И вскоре я сделался добровольным сыщиком, искателем следов, и был им до тех пор, пока, подчиняясь чреде событий, из наблюдателя сам не превратился в наблюдаемого, из разыскивающего – в прячущегося, из преследователя – в преследуемого. Но до тех пор я все искал; и мое печальное воображение, склонное к тягостным вымыслам – у меня было тяжелое детство и невеселая одинокая юность, – заселило странный сад всевозможными преступлениями, убийствами, смертями. Конечно, я был молод, и когда выпадал солнечный день, особенно радостный среди ноябрьских беспросветных потемок, я смеялся над вымыслами своими; но вот шли туманы с моря, низко опускалось, придушая свет, тяжелое мокрое небо, и я снова слышал, как скребут железом, сдирая следы, трое темных; и снова волновался.

Не знаю, сумел ли бы я найти хоть что-нибудь, если бы сам Норден, гуляя однажды со мной по берегу моря, уже за оградой сада, не указал мне на груду камней, имевших форму пирамиды и скрепленных цементом. Осенние прибои разъели цемент, и кой-какие круглые камни уже повывалились, несколько нарушая правильность формы: быть может, поэтому я и не обратил на нее внимания.
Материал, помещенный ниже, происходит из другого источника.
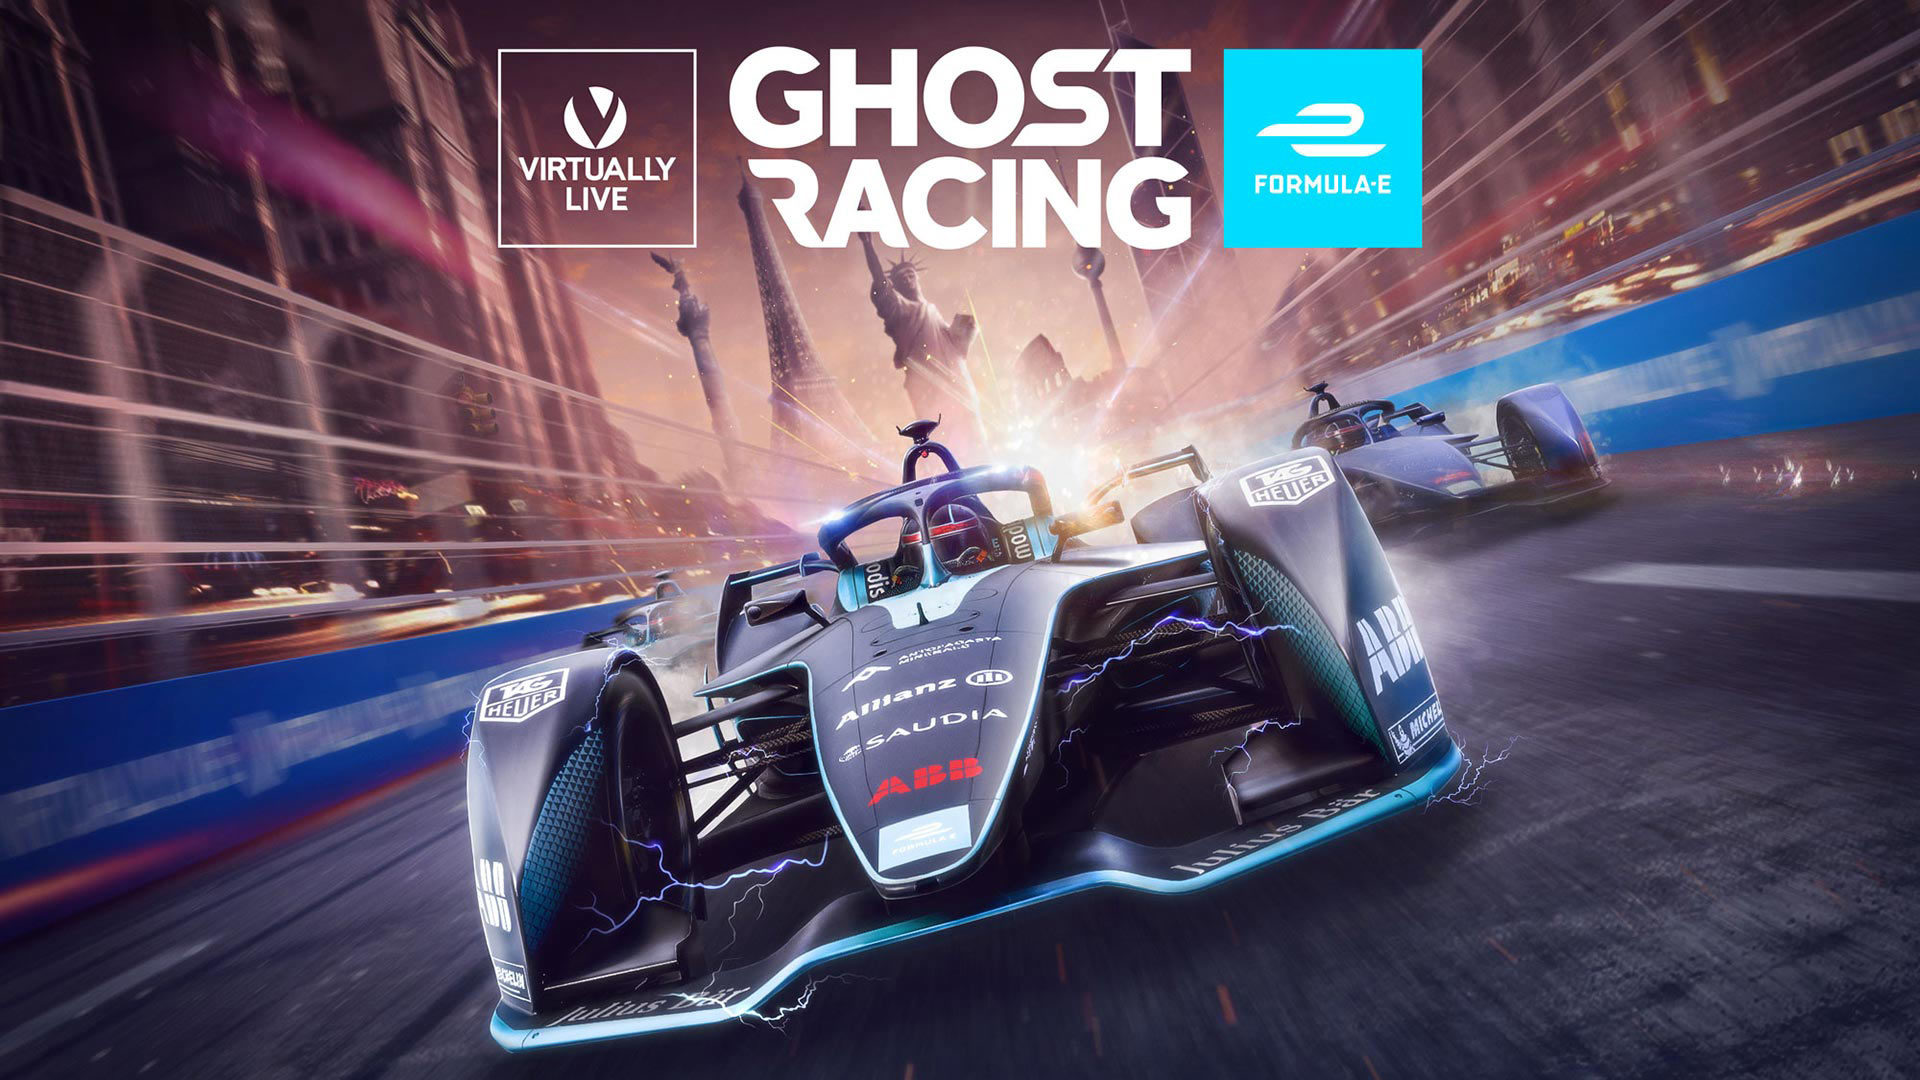 Virtually Live Formula E Ghost Racing

– Видите пирамиду? – сказал Норден. – Хоть и меньше Хеопса, но все же пирамида.

Он засмеялся – чему он постоянно смеялся? – и продолжал:

– Здесь я хотел построить церковь в норманнском стиле. Вы любите норманнский стиль? Но мне не позволили… такая узость взглядов!

Я молчал, не зная, что сказать: вообще я не находчив. Он подождал, сколько нужно для ответа или для вопроса, и охотно пояснил:

– Как раз на этом месте был найден труп моей дочери, Елены. Сюда головой, сюда ногами. Она утонула, я, кажется, вам говорил.

– Как же это случилось?

– А как тонут молодые люди? – улыбнулся Норден. – Поехала на лодке кататься одна, поднялся шквал, лодку перевернуло… как это обычно случается?..

Я посмотрел на серое море, покрытое мелкою рябью; кое-где чернели голые большие камни, кое-где вода особенно поблескивала – просвечивало дно.

– Здесь очень мелко, – сказал я.

– А она уехала далеко.

– А зачем она уехала далеко?

– А зачем молодые люди уезжают далеко? – засмеялся Норден и крайне любезно коснулся моего локтя. – У меня есть две прекрасные лодки, на зиму мы их прибираем, а весною снова спускаем на воду. Вы любите кататься на лодке?

– А ту лодку тоже прибило на берег?

Норден сперва не понял:

– Какую ту лодку? Ах да, ту? Как же, как же, ее тоже прибило на берег. Но теперь она выкрашена, и ее нельзя узнать: прекрасная прочная лодка. Весной вы сами испробуете ее.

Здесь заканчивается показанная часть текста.